Грозившую перейти в драку ссору прервала бабушка, сообщившая, что пора отправляться домой. Показав Кириллу язык, Варечка пошла одеваться и всю обратную дорогу донимала бабушку вопросами, сможет ли антилопа убежать от льва.
– А если и догонит: вдруг лев добрый, а антилопа знакомая, – рассуждала Варечка. – Неужели лев ее съест?!
Правильный ответ так и не был найден. Зато ночью Варечке приснился сон: лев догнал антилопу, узнал ее и они пошли рядом по зеленой траве, а все вокруг радовались и завидовали их дружбе.
ПРИКЛЮЧЕНИЯ КАПЕЛЬКИ
– Ты откуда взялась?
На Капельку, сердито нахмурившись, смотрела ученая Травинка.
– Меня уронили – торопливо, боясь не понравиться Травинке, объяснила Капелька.
– Кого-то ты мне напоминаешь, – поправив очки, сказала Травинка. – Молчи: сама все о тебе узнаю.
Достав из сумки небольшой прибор, Травинка направила его на Капельку. Раздался щелчок, на экране прибора замелькали цифровые и знаковые обозначения.
– Так, так, – пробормотала Травинка. – Жидкость без запаха, вкуса, цвета, в толстых слоях голубоватая; плотность 1,000 грамм на см. куб. При ноль градусов Цельсия превращается в лед, при ста градусов Цельсия – в пар.
Самое распространенное вещество в природе – занимает 71 % поверхности Земли.
– Так ты вода! – обрадовалась Травинка. – Только какая-то странная: абсолютно чистая – без грязи, без бактерий, биологические и органолептические свойства такие, что ахнуть можно. Ты из королевской семьи, наверное.
– Я – демократка! – обиделась Капелька и вытащила из кармана удостоверение. – Видишь, написано: «Вода искусственная, для всех и для каждого». Удовлетворена?
– Нет! – помотала головой Травинка. – Удостоверение подделать можно.
Я только в эксперименты верю. Пойдем к реке: я тебя с ней сравнивать буду.
Река медленно несла свои воды к расположенному поблизости озеру.
– Какое спокойствие! Какая важность! – восхитилась Капелька.
– Это она здесь такая – отмахнулась Травинка. – А выше по течению бурлит так, что перейти невозможно.
– Эй, Река! – став на берегу, закричала Травинка. – Расскажи о себе: нам для опытов надо!
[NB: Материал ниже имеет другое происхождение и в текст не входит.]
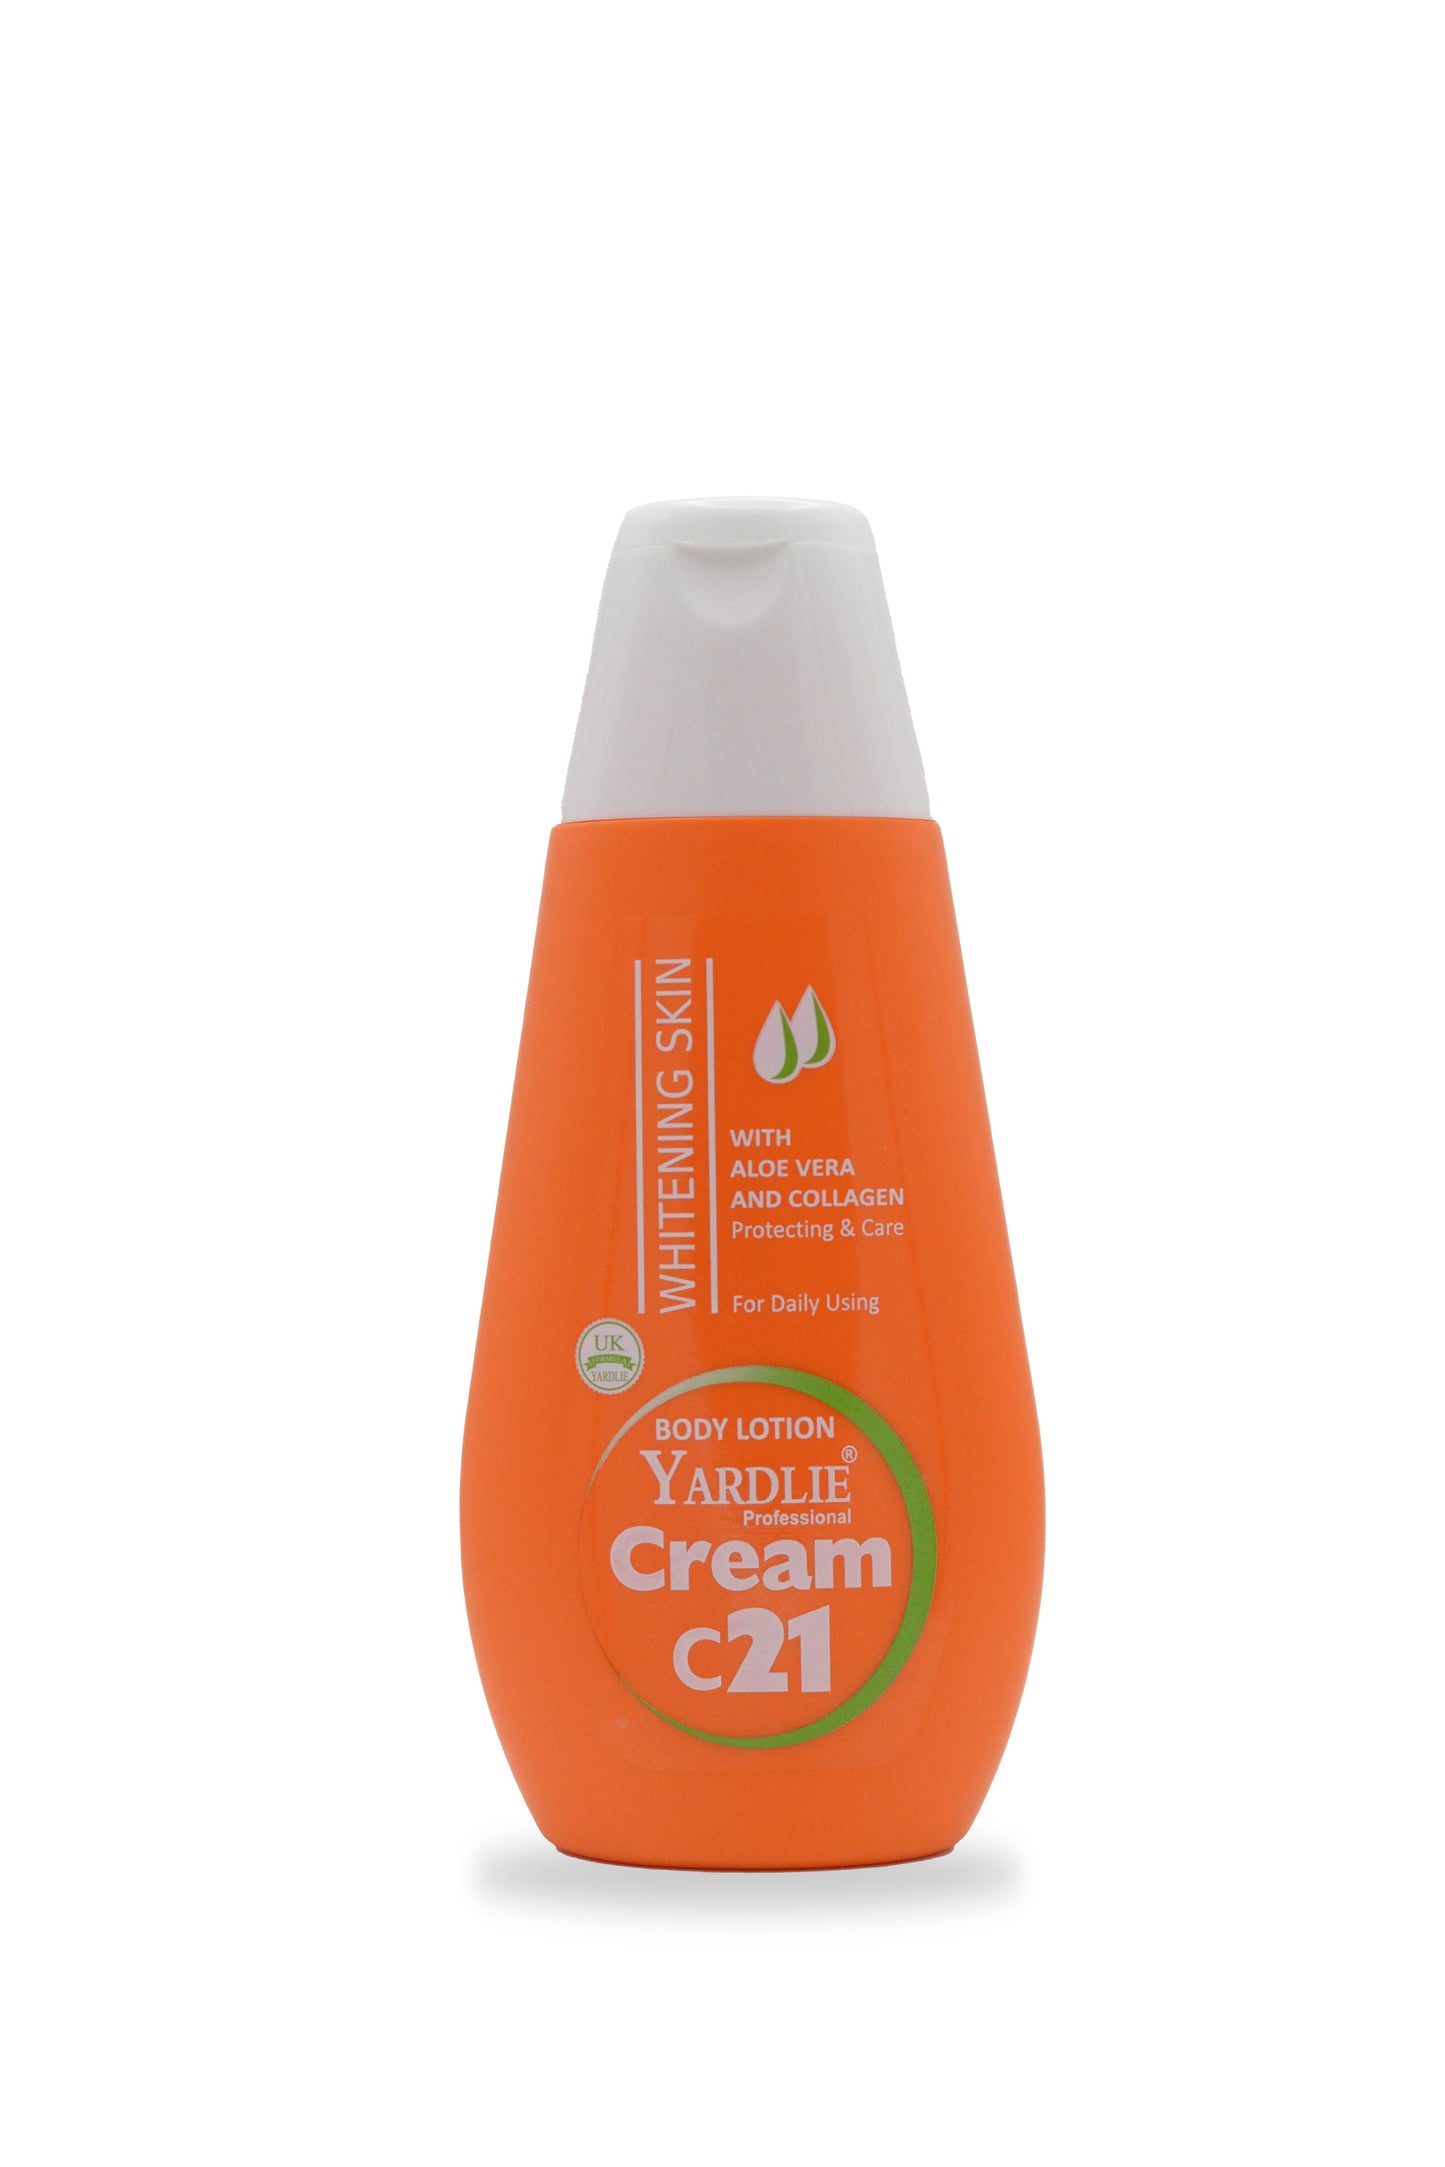 Yardlie C21 Lotion with Aloe Vera and Collagen 200g.

– В меня впадают 78 ручьев, из них 23 – подземных. Я снабжаю питьевой водой 6 больших и 18 маленьких городов, не говоря уже о 132 селах и поселках, – гордо ответила Река.
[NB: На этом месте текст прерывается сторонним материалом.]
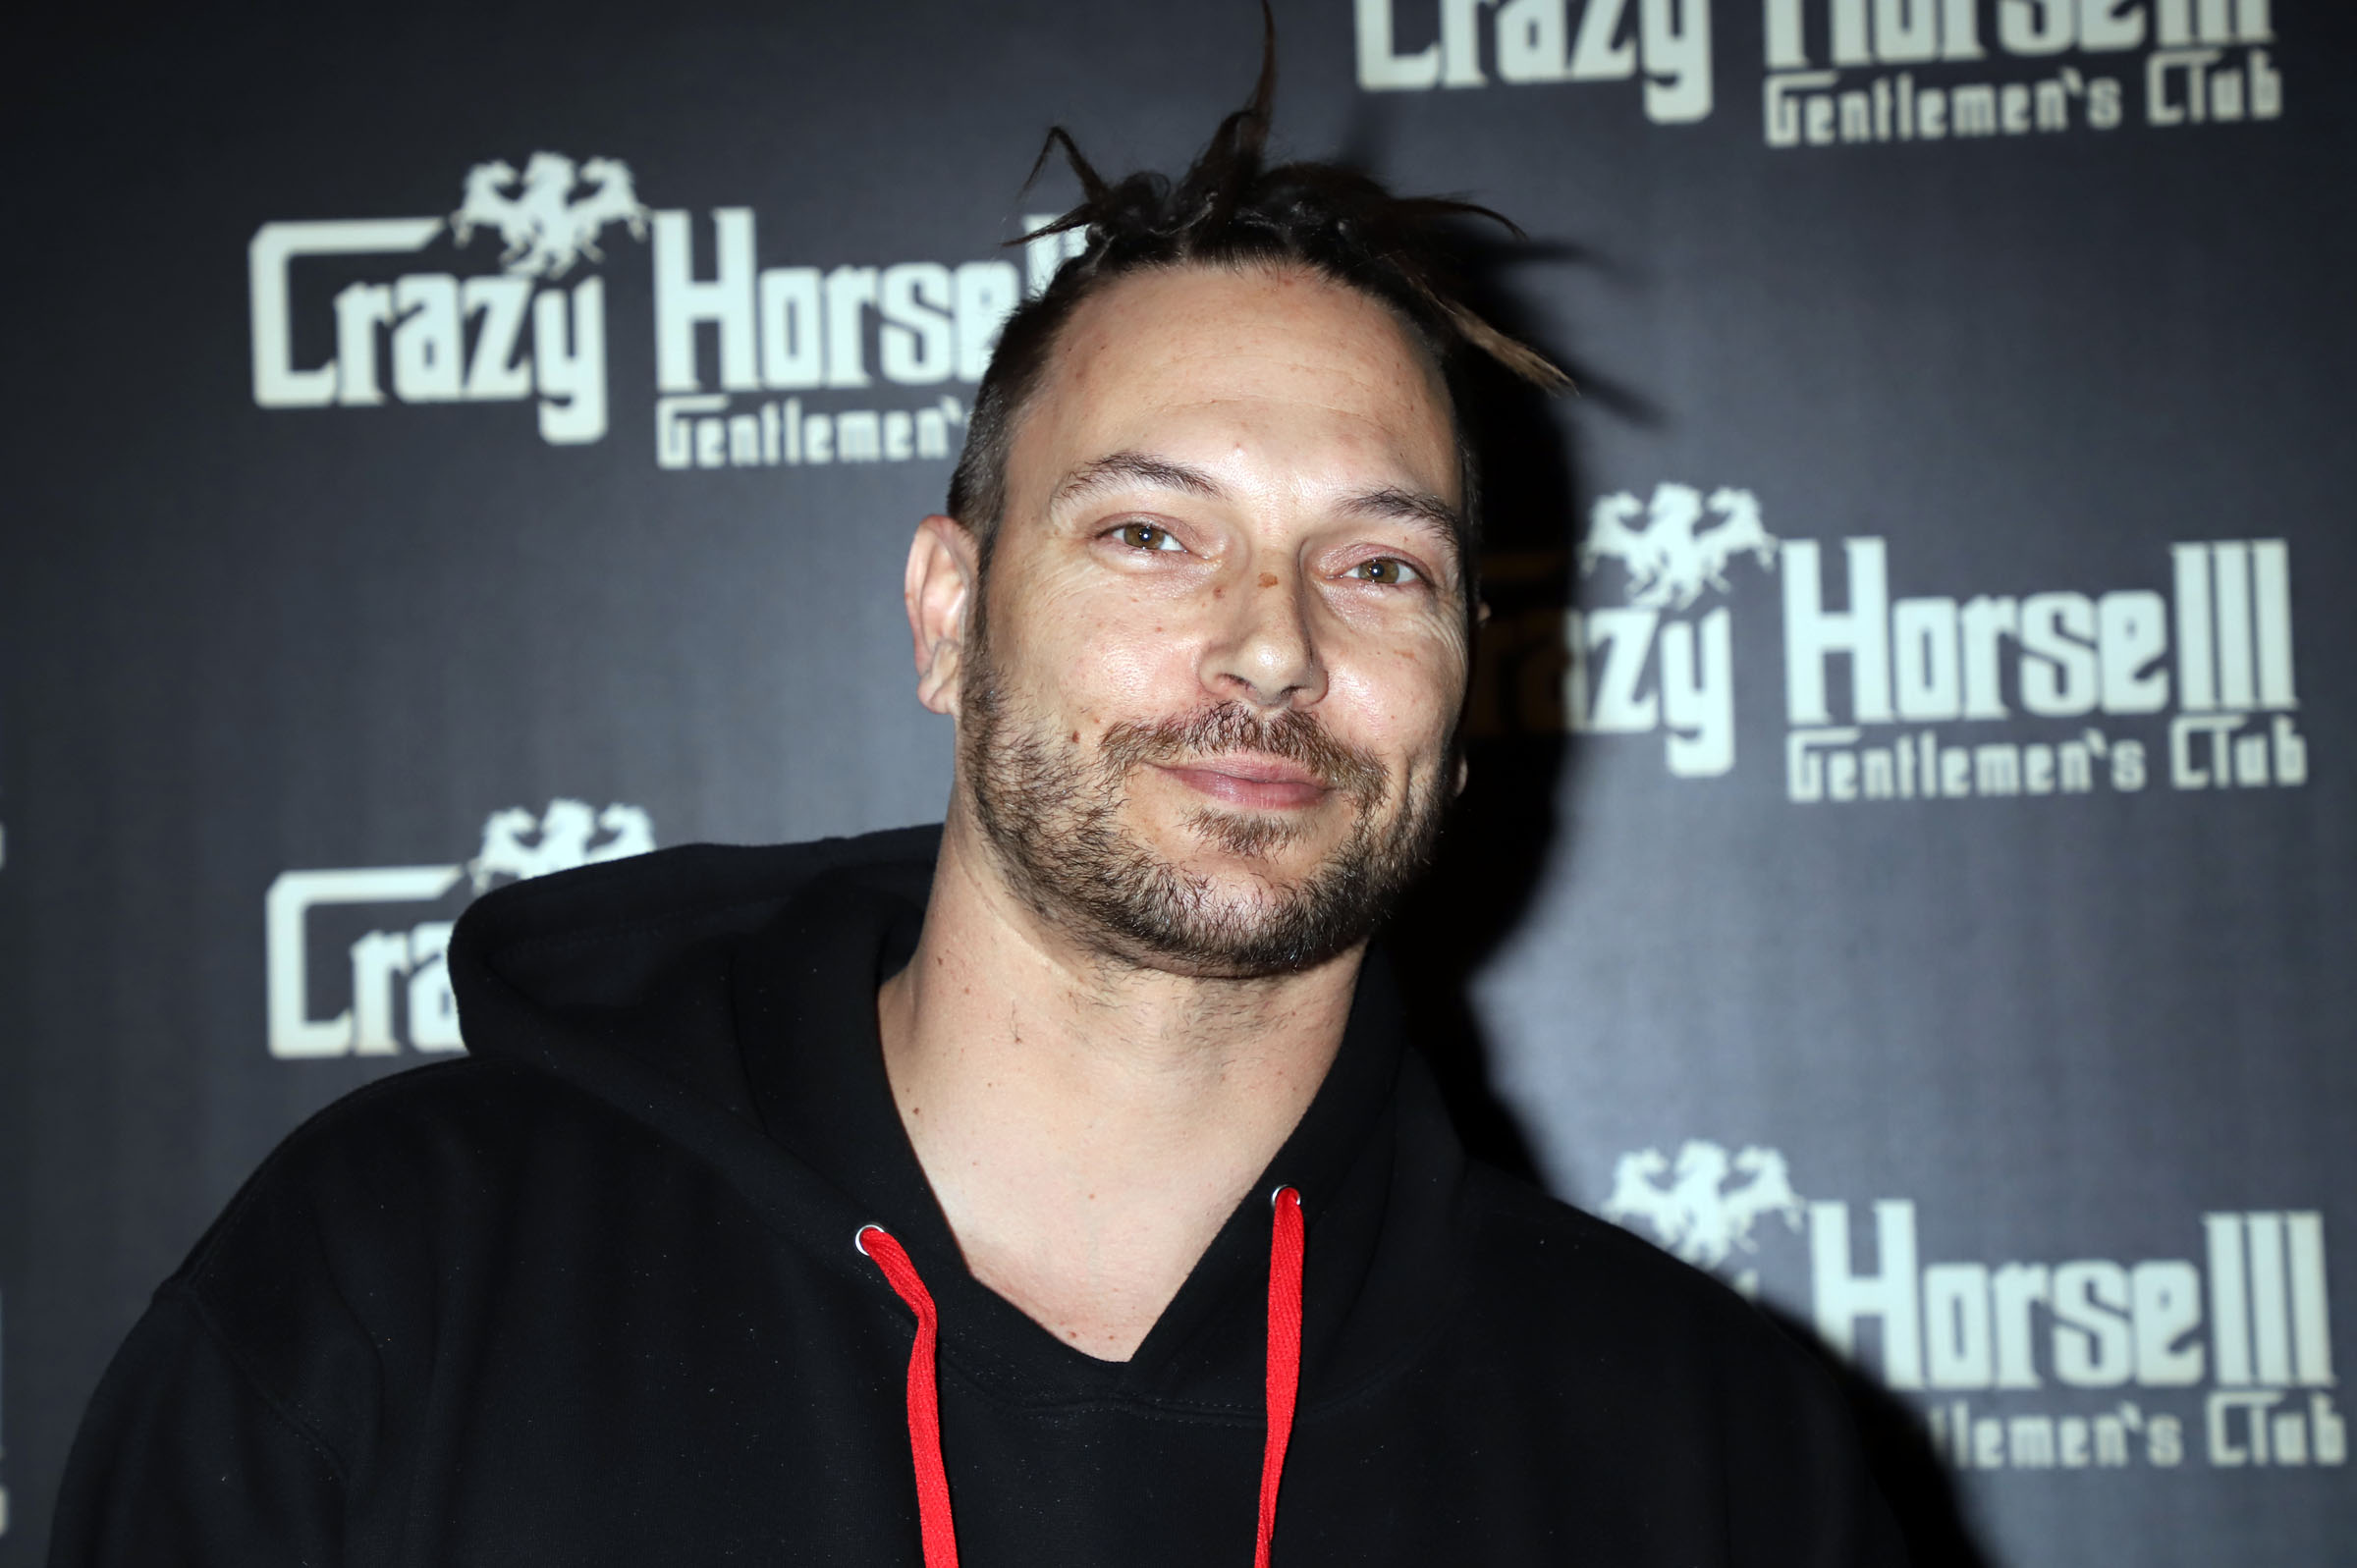 Kevin Federline celebrates his 40th Birthday and performs a DJ set in Las Vegas

– Ишь, пыжится! – усмехнулась Травинка. – Пресные воды составляют только три процента от общего объема воды на планете.
– Так мало! – удивилась Капелька.
– Представь: общий запас речных (русловых) вод составляет 1,2 тысячи кубических километров, или одну десятитысячную долю процента от всего объема гидросферы – разговаривая, Травинка опустила в речку знакомый прибор. – Остальная пресная вода распределена так: ледники – 24 тысячи, озера – 230 тысяч, почвенная влага – 75 тысяч, пары атмосфер – 14 тысяч кубических километров.
– Эй, речка! – прервавшись, воскликнула Травинка, всматриваясь в значки, мелькающие на экране прибора. – Какое ты имеешь право людям воду давать?! В твоей воде, кроме частичек глины, извести, камня, содержится свыше двадцати вирусов, вызывающих болезни.
– Меня дезинфицируют, – я после этого питьевой называюсь, – недовольно проворчала Река. – И пользуюсь успехом. На бытовые нужды в среднем в один день жители Парижа расходует 450 литров, Нью-Йорка – 600, Вашингтона – 700, Рима – 1000 литров воды.
– Знаю я эти дезинфекции: они лишь частично воду обеззараживают.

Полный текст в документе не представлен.